I dismiss Ebay’s explanations for its behavior. They’ve lied too many times about too many things. So here’s my theory, an amalgamation of observations and reading. I think Ebay postures as a profit-drivin company but is in fact driven primarily by ego. Meg Whitman and Donahoe sneer when they say the words, “flea market.” They have an appetite for Sotheby’s but the Ebay marketplace keeps behaving like a flea market. Shudders!
And their egos are particularly troubled by that upstart Amazon selling more books and CDs. To the techies & MBAs, it’s not a business, it’s a a big video game that they get paid to play. Whoohoo! They desperately want to go head to head with Amazon. Like an angry little brother chasing after the Big Boys, they’re sure they can win, if they can just get the damned sellers out of the way. Would be so much easier if sellers would just pay their fees, give away the merchandise, ship for free and shut up that noise.
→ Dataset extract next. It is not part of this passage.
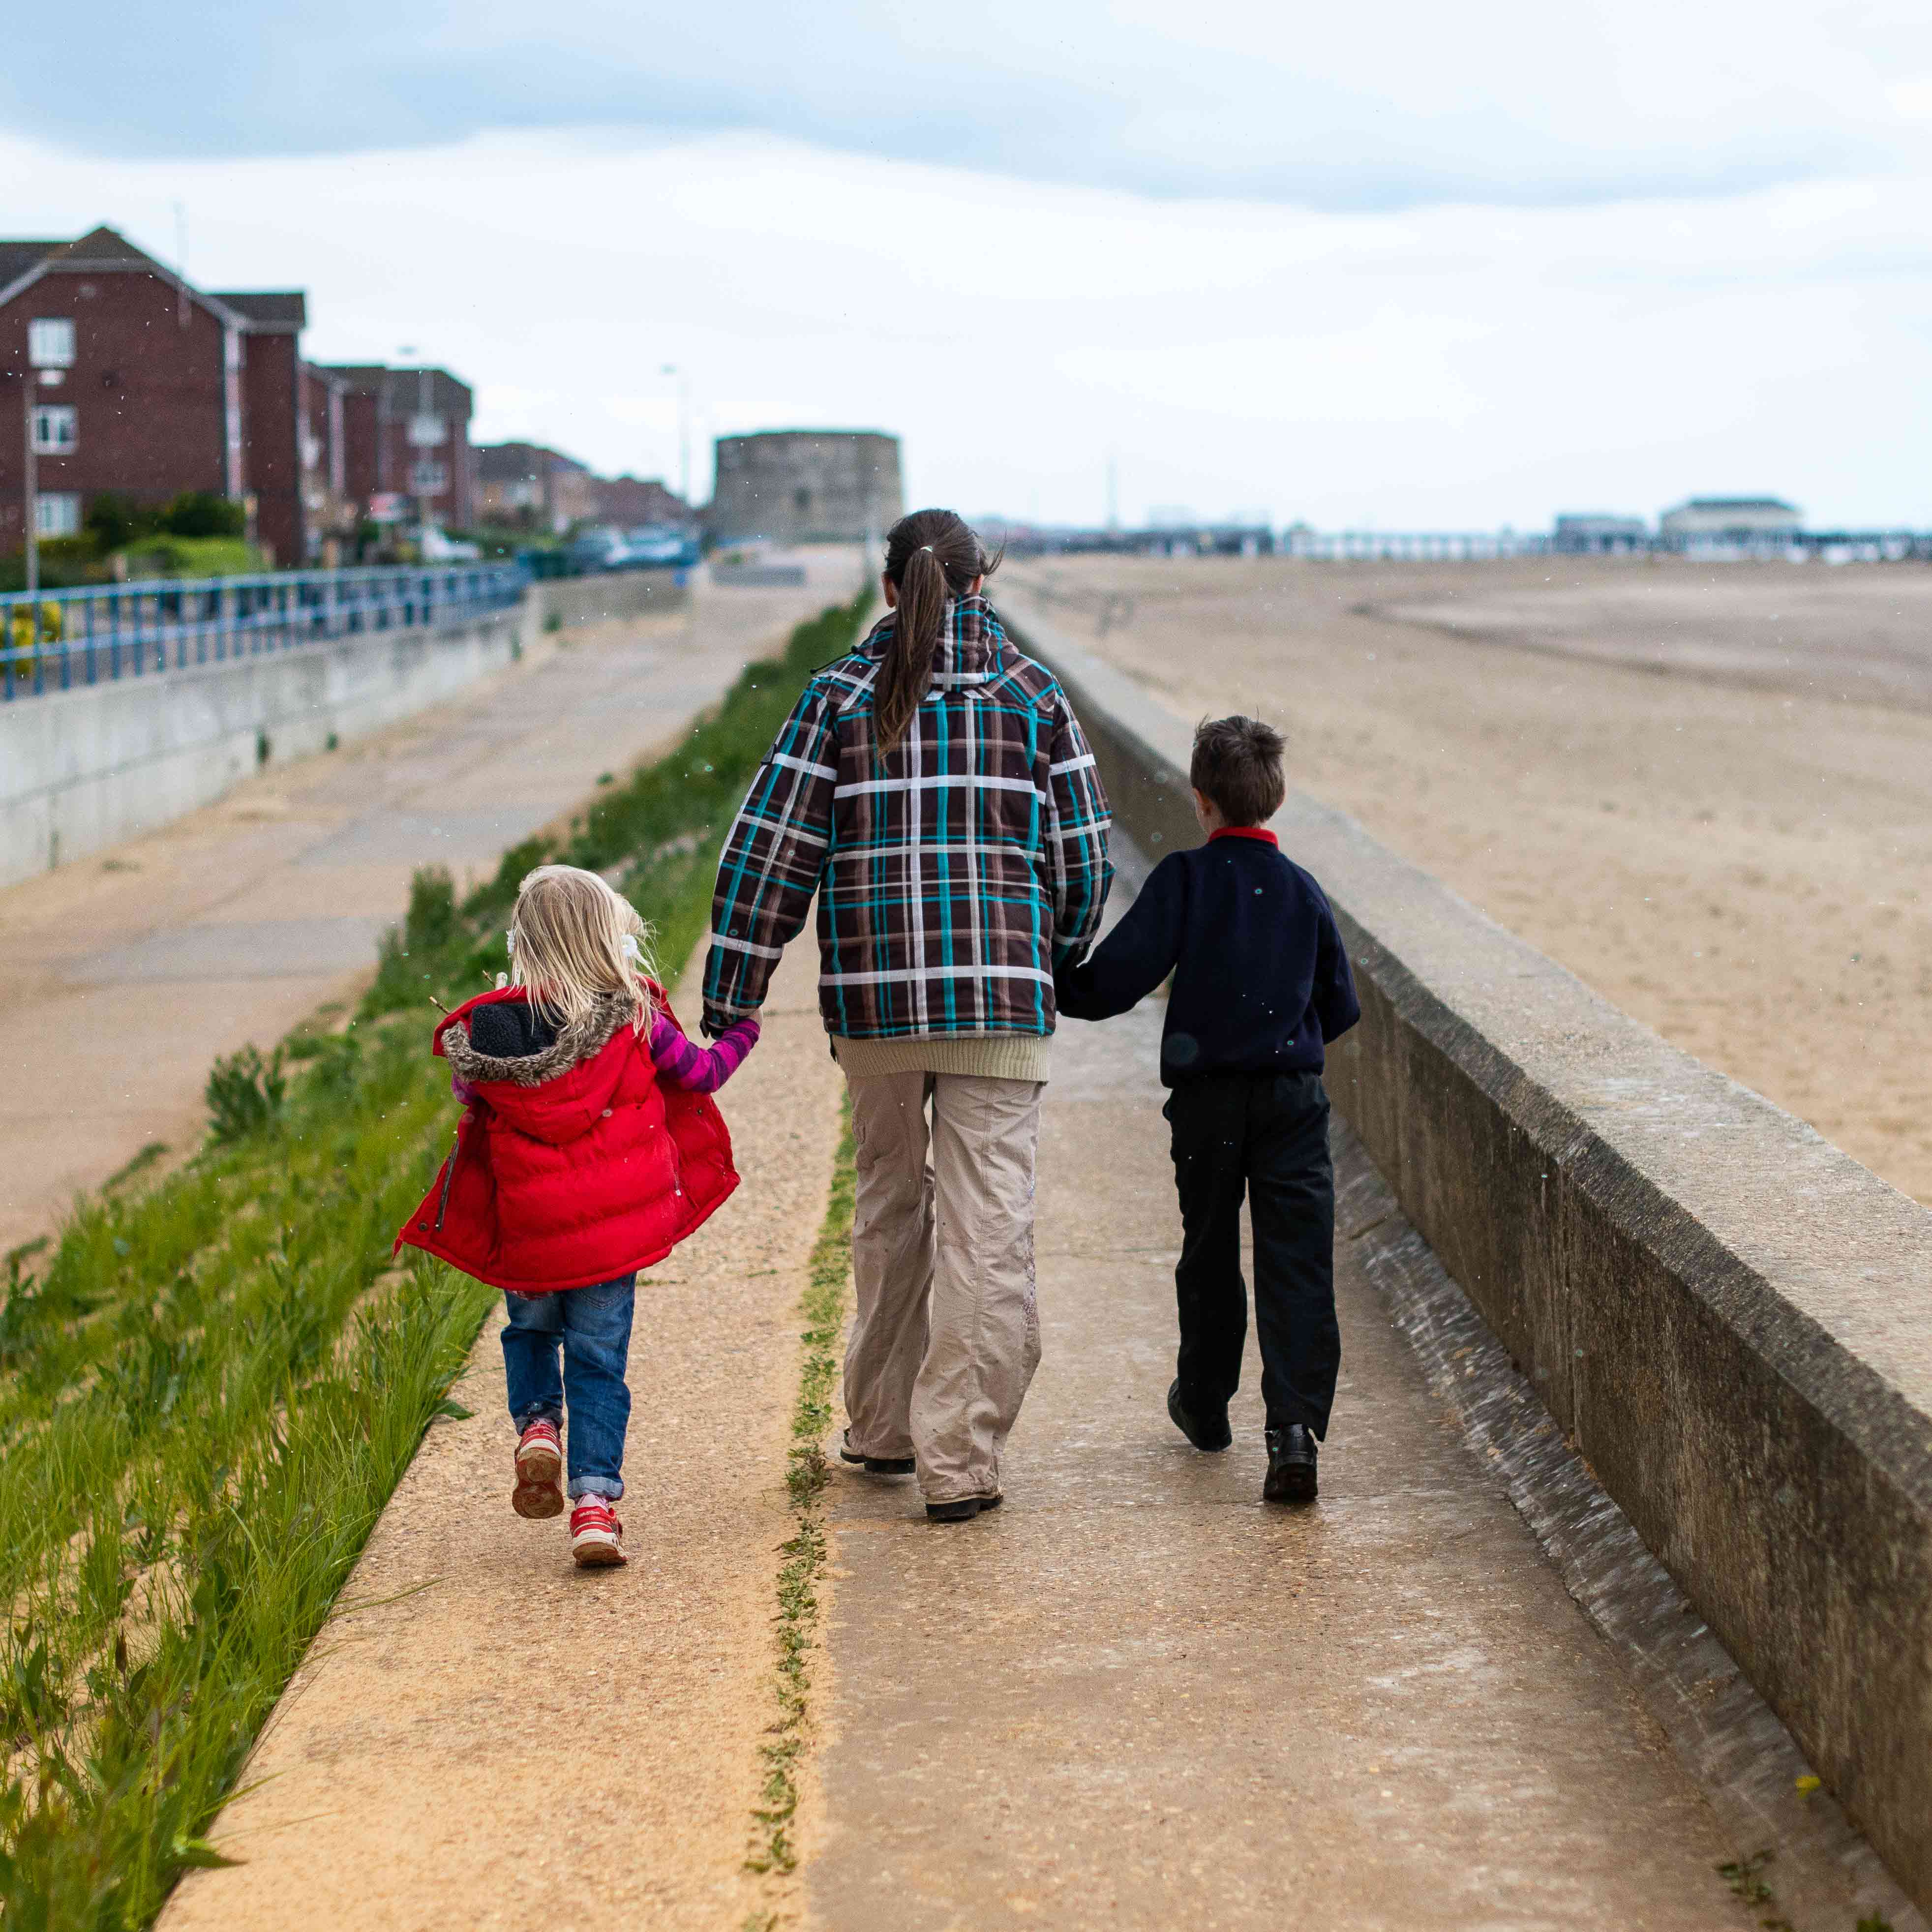 A woman and two young children walk along a seafront path in Jaywick, Essex
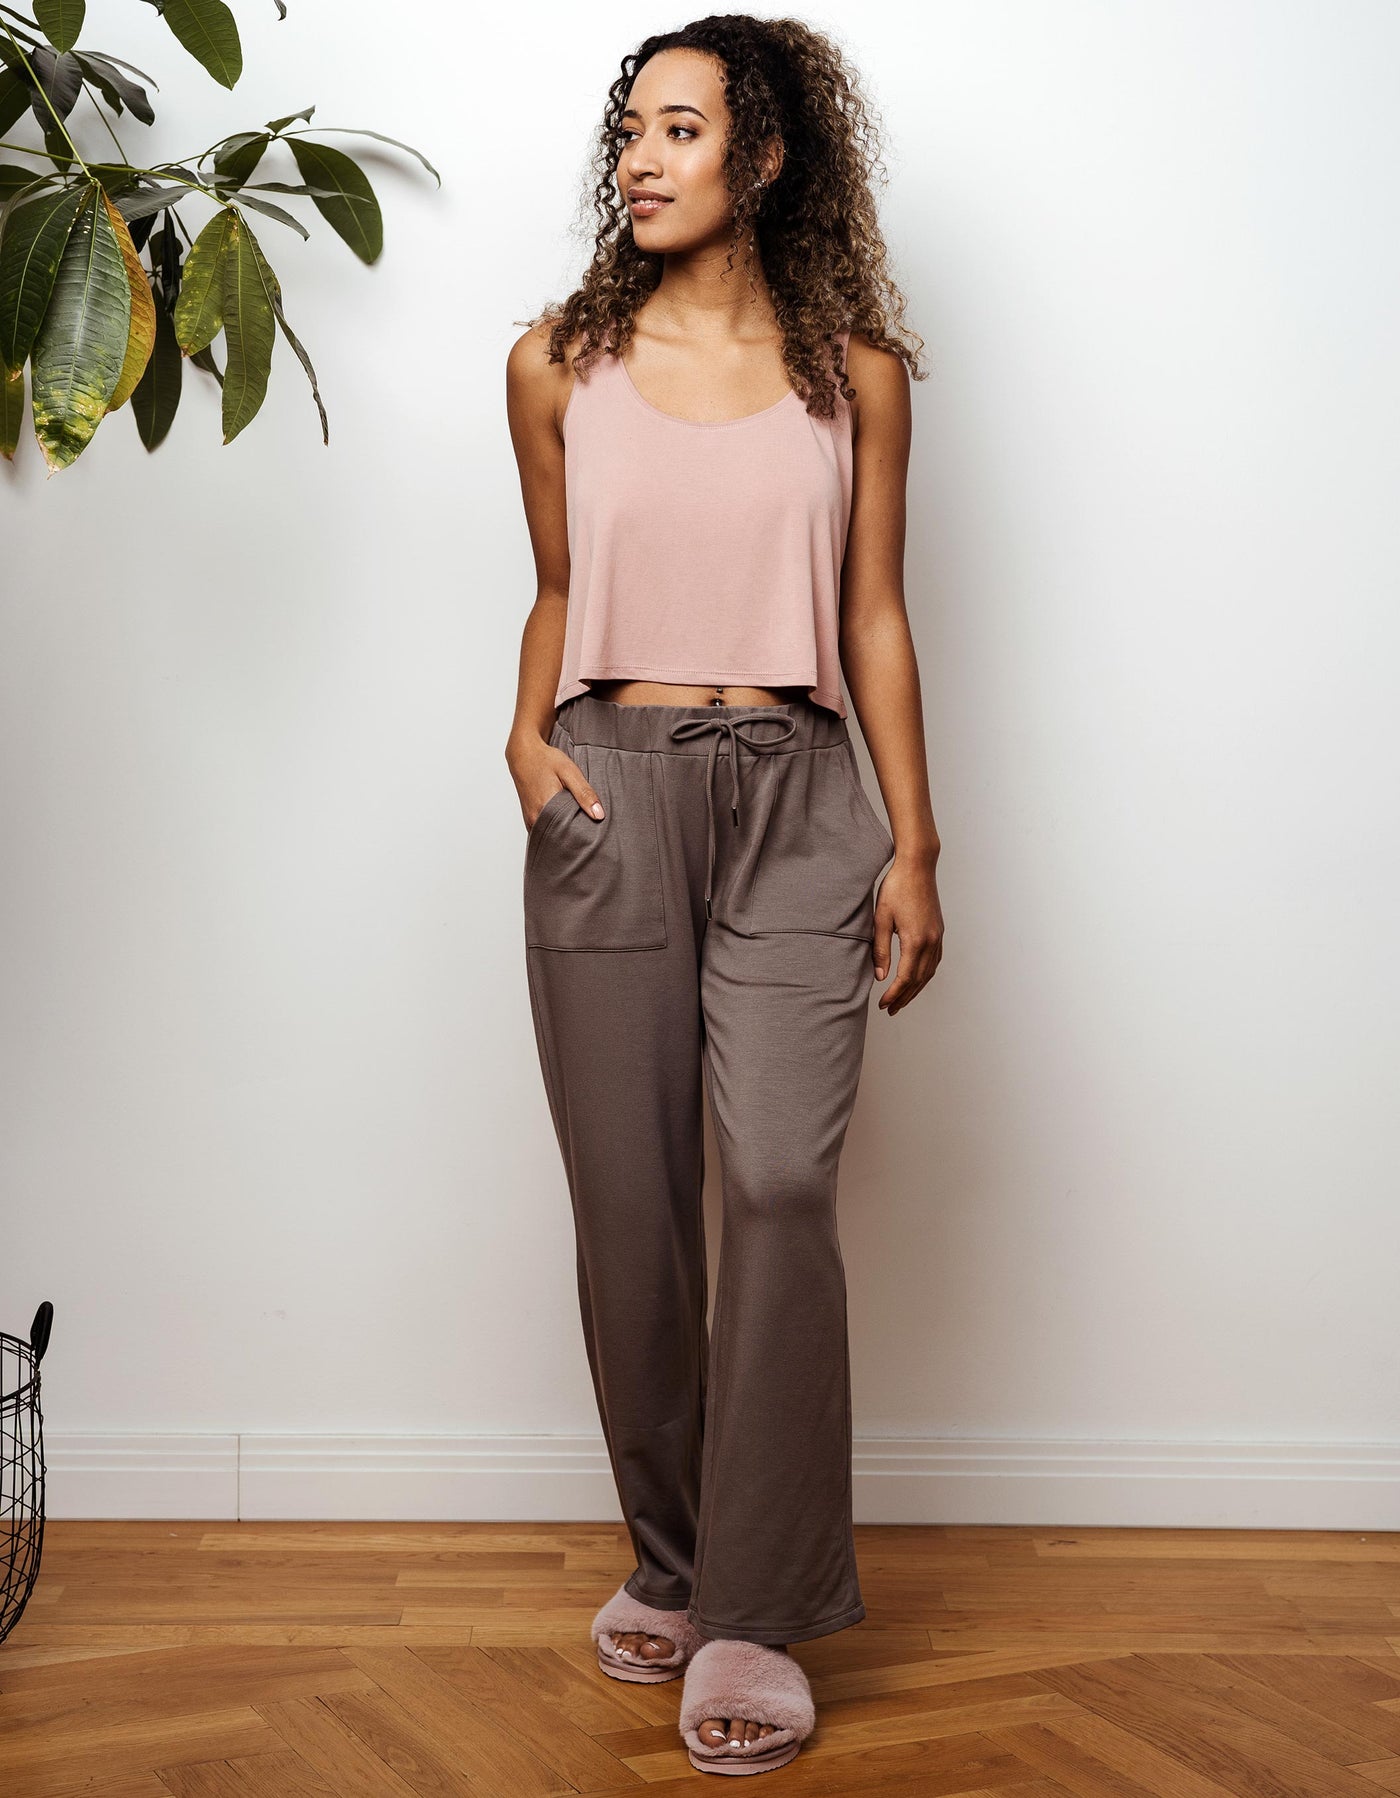 thebowattitude_casual_wear_luxury_home_wear_home-office_looks_outfit_set_oceans_pamela_fabletics_reif_apart_made-in-europe

In short, I think senior management at Ebay is allowing the Whiz Kids to destroy the company. You investor folks are supposed to keep buying in until they run out the clock. When done they’ll walk down the street to a different job, leaving several million families without an income. The only difference between them and the cockroaches that recently came running out from under a rock on Wall Street is that the ones at Ebay are a bit younger.